*Given information*
□ □ □

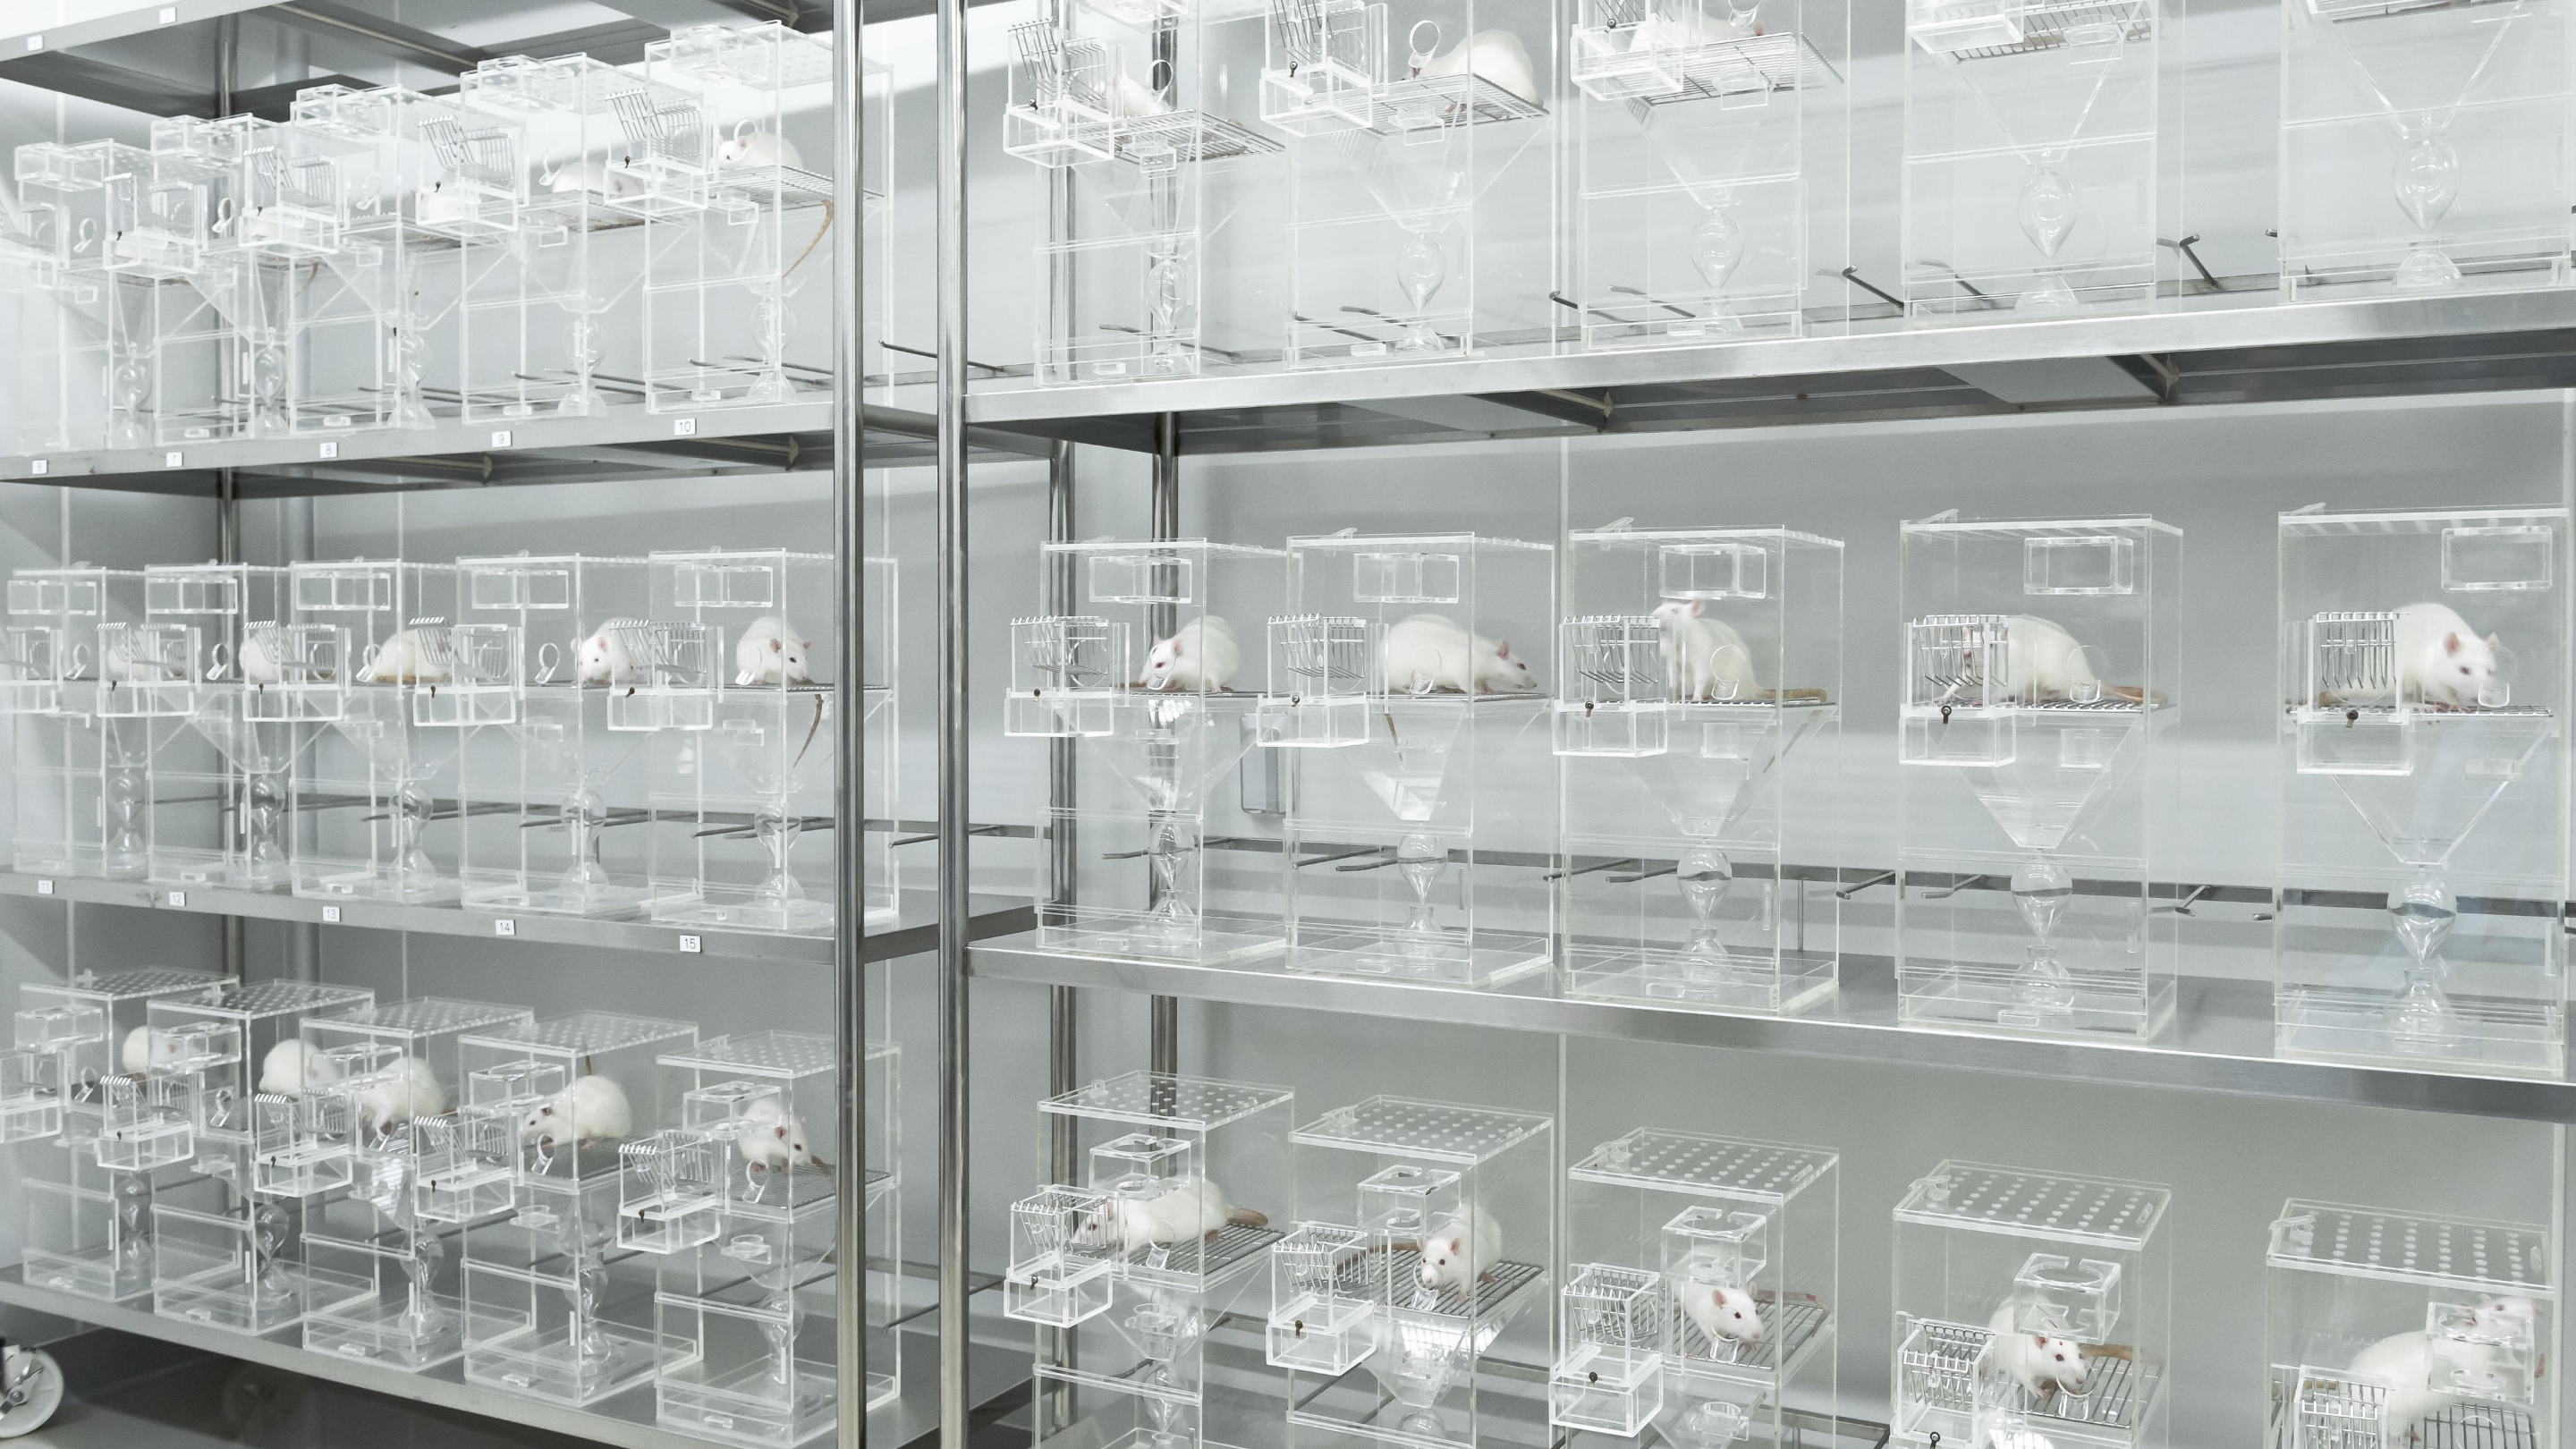 Shelves hold rows and rows of white rats in small, clear plastic cages
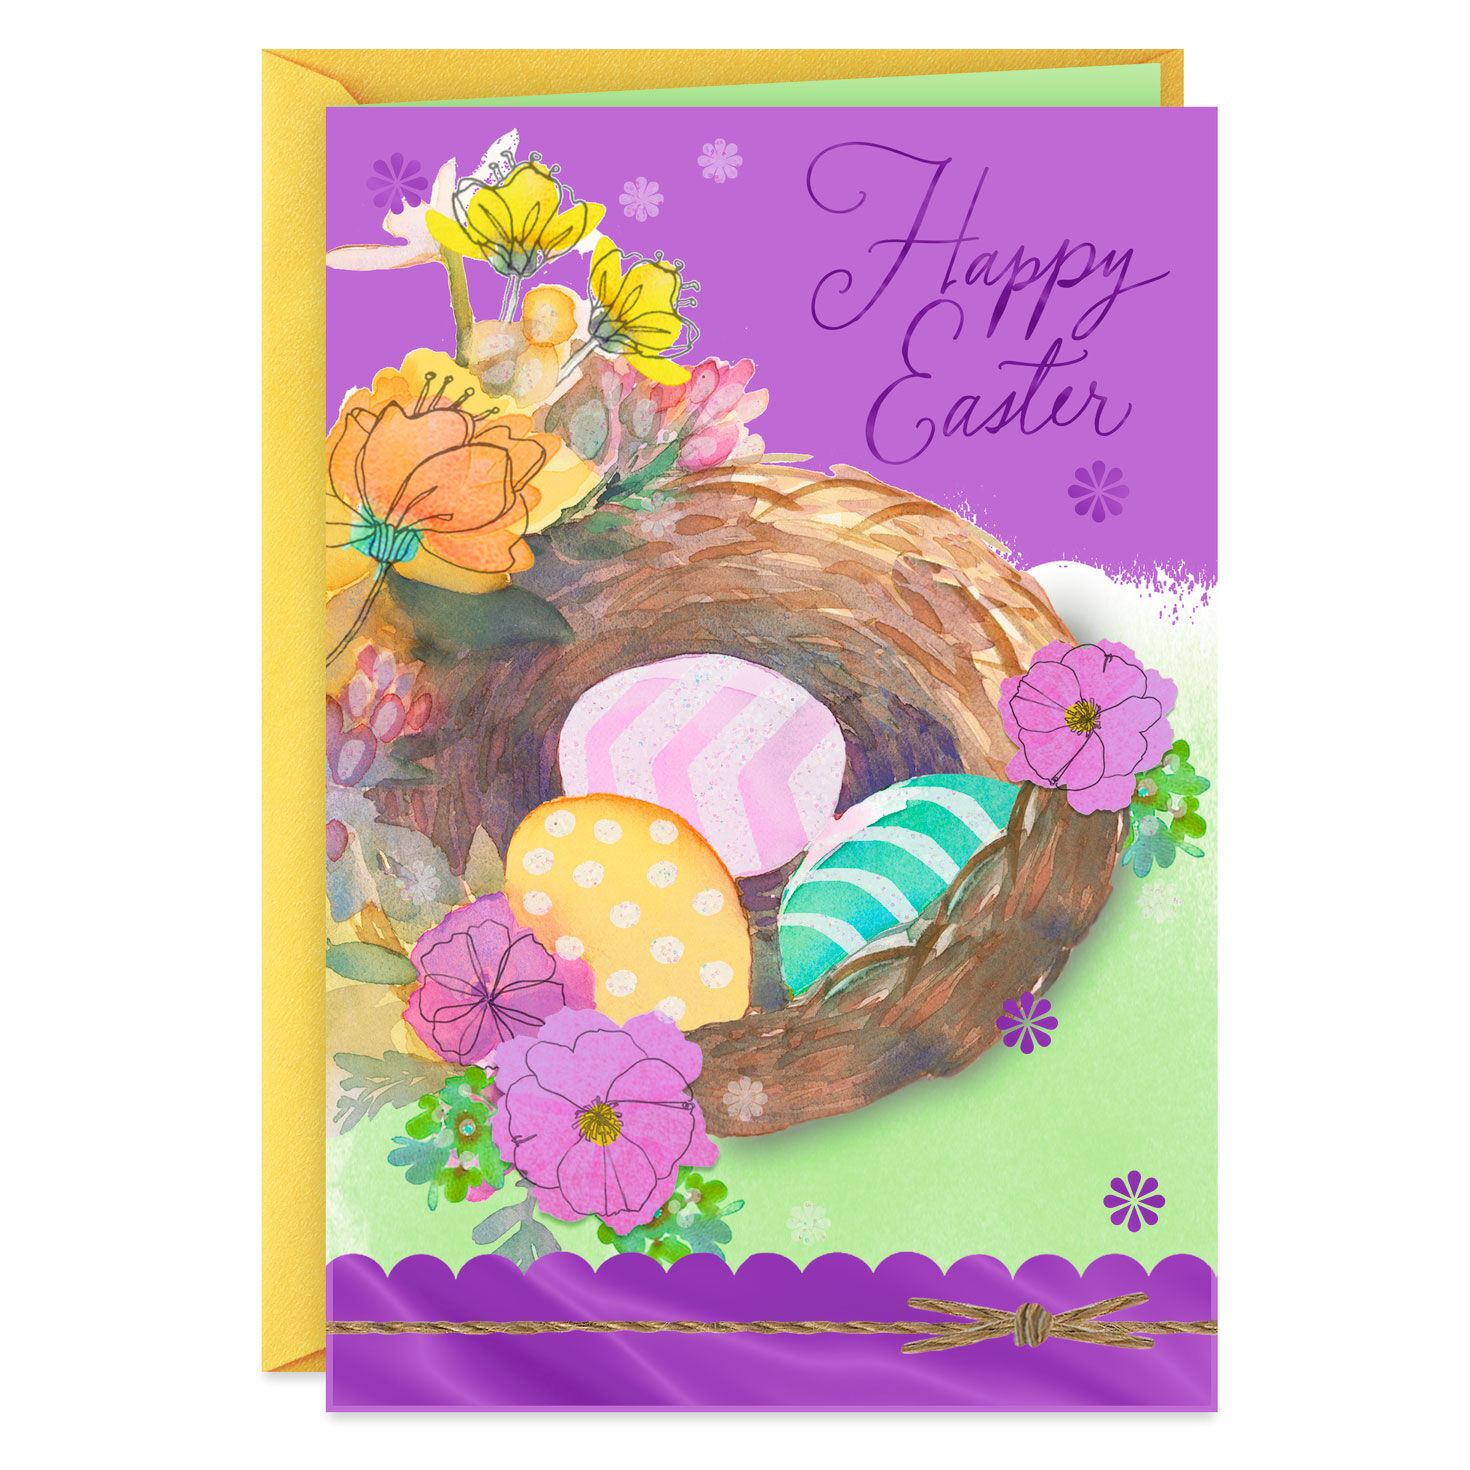 Hallmark Easter Greeting Card for Husband Warm and Loved Feelings at Easter
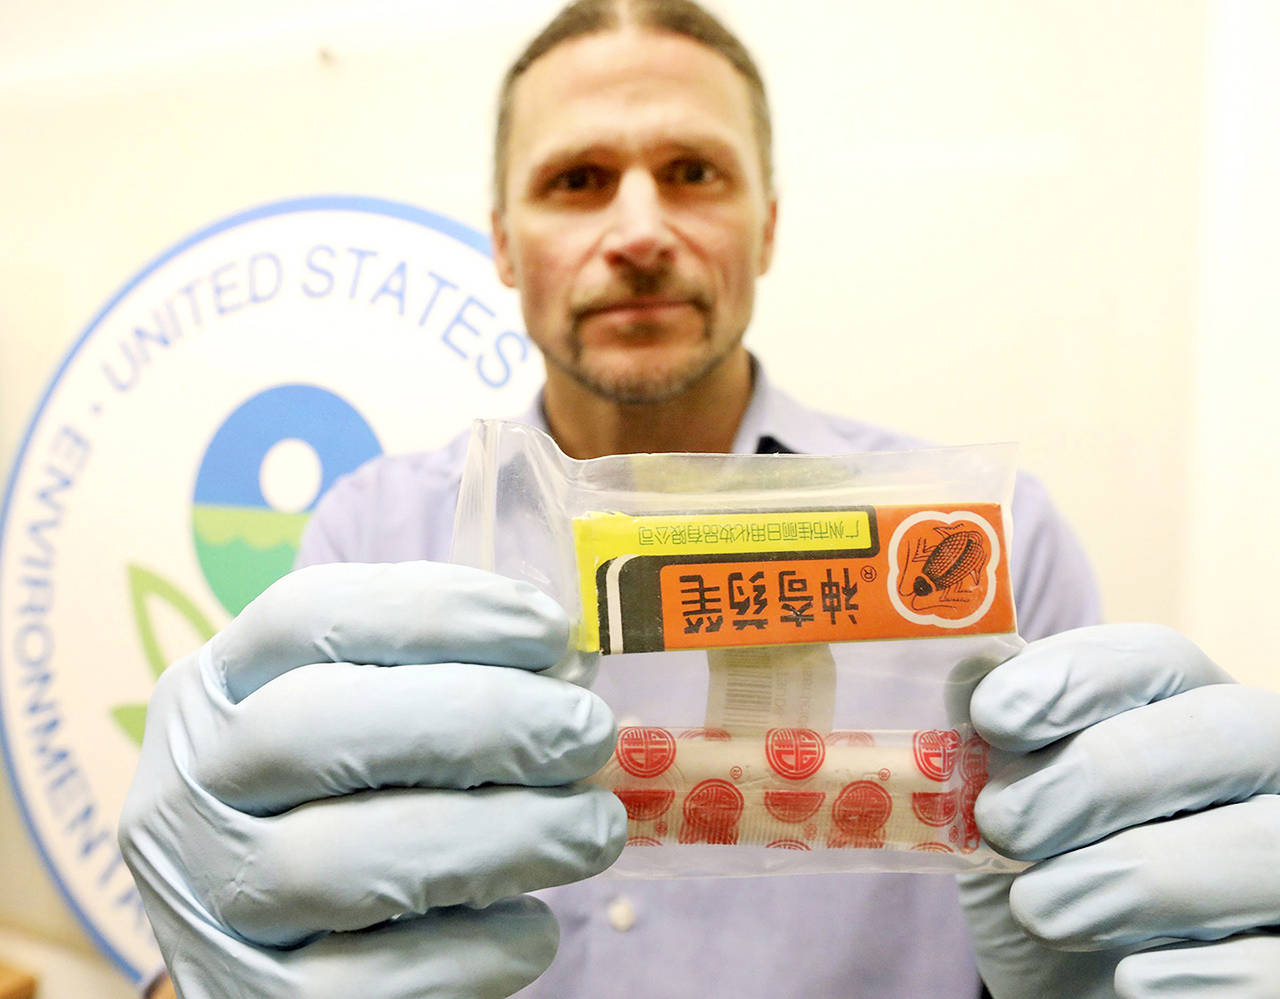 Environmental Protection Agency enforcement officer Chad Schulze displays one of the banned pesticides that investigators say was listed for sale on Amazon. (Greg Gilbert/The Seattle Times via AP)

□ □ □

*Description of the task*
Repeat each line of the material exactly, and drop any image it carries.

*Your solution*
 Shelves hold rows and rows of white rats in small, clear plastic cages
 Hallmark Easter Greeting Card for Husband Warm and Loved Feelings at Easter
 Environmental Protection Agency enforcement officer Chad Schulze displays one of the banned pesticides that investigators say was listed for sale on Amazon. (Greg Gilbert/The Seattle Times via AP)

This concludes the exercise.